Besides landing big contracts, such as a recent $112 million mail-servicing agreement with Bank of America, Pitney Bowes has made some smart deals, such as the acquisition of Ancora Capital Management (in California, Pennsylvania, and Maryland) and Groupe MAG (France, Belgium, and Luxembourg), the purchase of assets from Kilburn Office Automation Ltd. (India), and a joint venture with Semco Participacoes Limitada (Brazil).

Worldwide growth from a company with impressive cash flows and an above-average dividend. Mail it in, baby!

Robert Brokamp, who is the editor of the Rule Your Retirement newsletter service, does not own any of the companies mentioned in this article.

InterActiveCorp (NASDAQ:IACI)
New York , N.Y.
52-week low-high: $19.16 - $34.62
$15.5 billion market cap

By Jeff Hwang

Here's a stock that is a clear buy.

The fact is that Internet pure plays with truly viable businesses are rare, and most of them -- including Google (NASDAQ:GOOG), eBay (NASDAQ:EBAY), and Yahoo! (NASDAQ:YHOO) -- carry premium price tags. But if you'd like to own one on the cheap, then InterActiveCorp -- the outfit run by media mogul Barry Diller -- offers such an opportunity. Sometime during the second quarter, the company plans to spin off IAC Travel (along with TripAdvisor) -- the segment that includes Expedia, the largest online travel website in the world.

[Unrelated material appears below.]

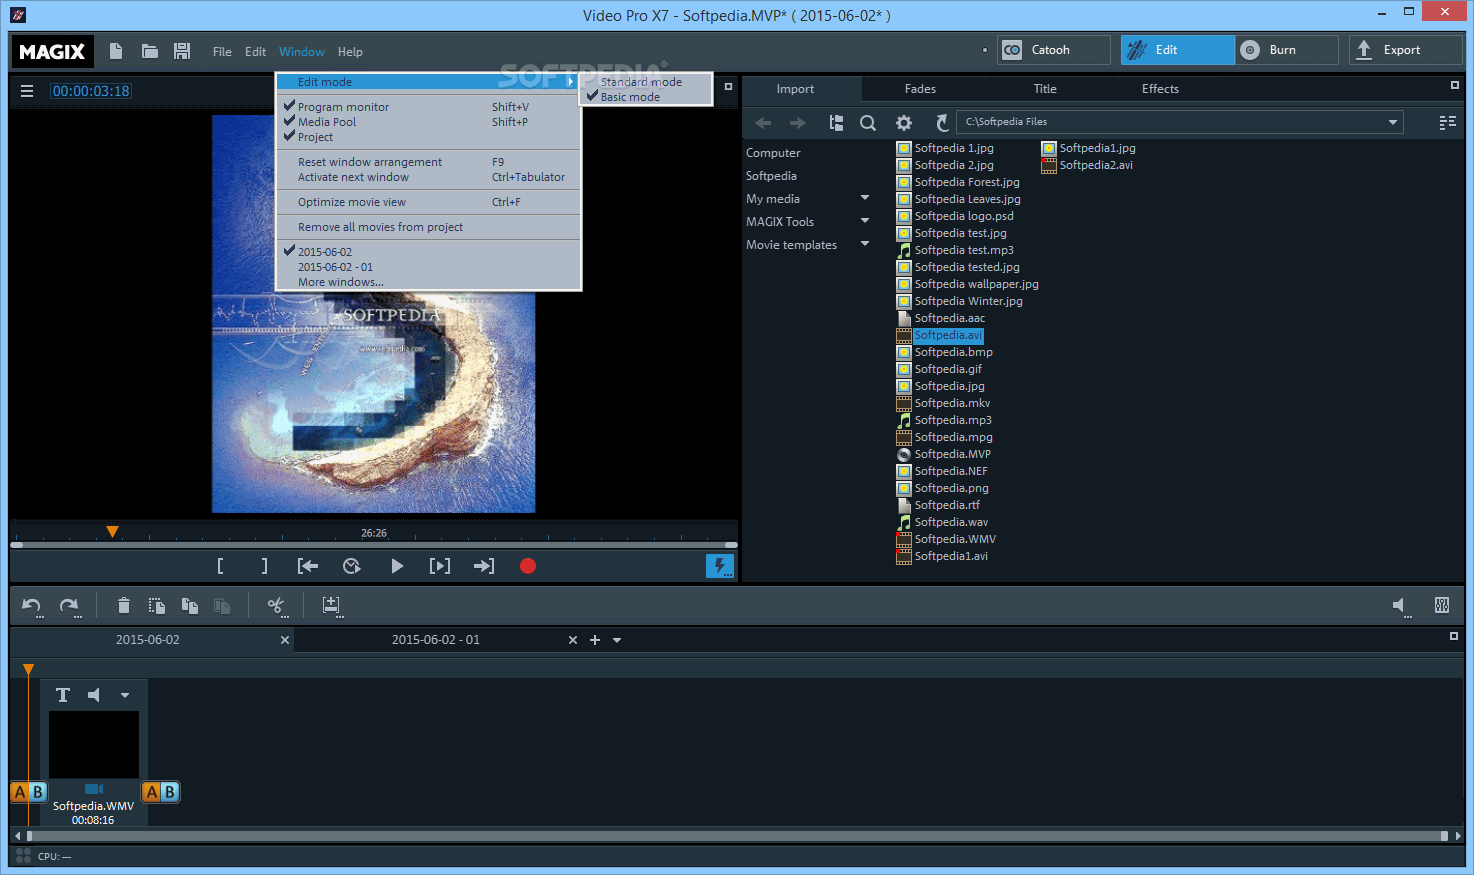 MAGIX Video Pro X15 v21.0.1.198 instal the new version for mac
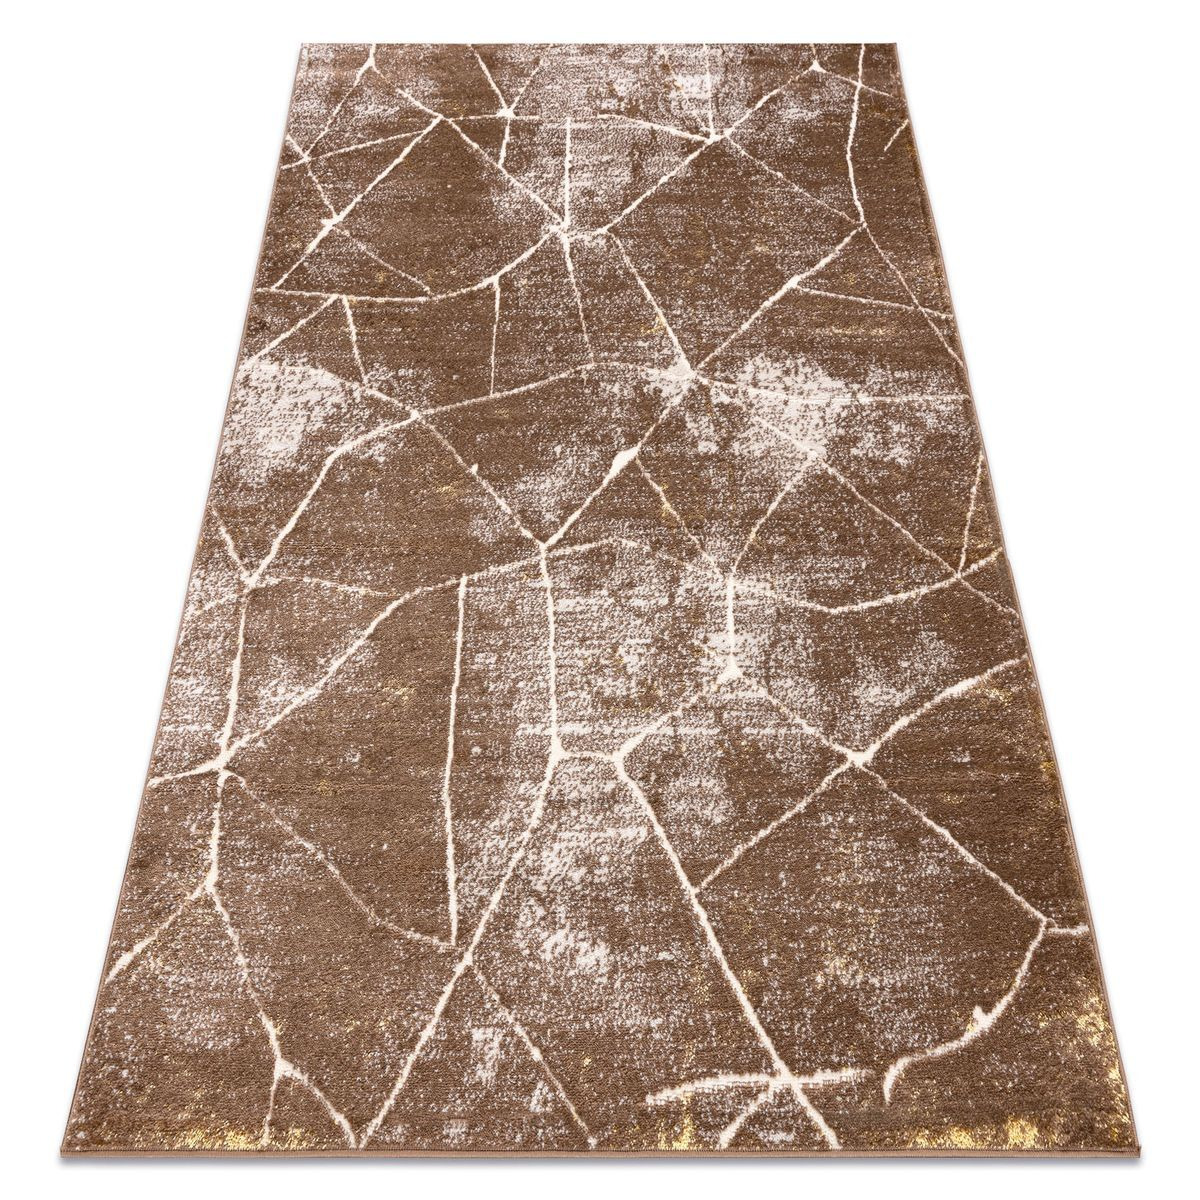 Harrisel Cookaric And Vintage Rug Dark Beige, 140x190 cm - image 1

IAC generated $1 billion in free cash flow last year and $1 billion in free cash flow in 2003. Similarly, the company saw operating income before amortization climb 19% last year to $1.02 billion. IAC Travel accounts for about half of OIBA, and the steady Ticketmaster and electronic retailing businesses (including HSN) account for about 40% of OIBA.

The company continually invests its cash flow by acquiring upstart businesses such as Lending Tree, Expedia, and, providing the catalyst for future growth. IAC also showed interest in investing in its more mature electronic retailing business with the recent $720 million acquisition agreement with Cornerstone Brands. The bottom line is that the company's $1 billion in annual free cash flow, as well as the $2.8 billion in cash over $1.5 billion in debt on the balance sheet, enhances the value of the acquisitions while lowering their risk.

At about $16 billion, the market is saying that IAC Travel is worth 20 times OIBA, and that the rest of IAC is worth 12 times OIBA (operating income before amortization). But value IAC Travel more like its Internet peers; then at 30 OIBA the rest of IAC is free, and the total package is a low-risk bargain with better-than-moderate upside.

Fool contributor Jeff Hwang owns shares of InterActiveCorp.

Reading Jeff's argument for InterActiveCorp, I have a one-word reason why not to vote for this company: Ticketmaster. Any company that charges you a "convenience fee" and a "processing fee" (which can add up a 35% markup of the ticket price) just to put you through a voice-mail maze deserves universal hatred. Get this: Even if the concert is cancelled, you don't get your "processing fee" refunded. Is there a "service" more hated than Ticketmaster? I can think of nary a one. -- R.B.

Can't argue with solid, but I can argue with return. The enterprising investor is a forward-looking one and would much prefer a herky-jerky 25% annual return than a smooth 15% -- particularly when he does not have to pay for any additional risk, as I believe is the case with InterActiveCorp. -- J.H.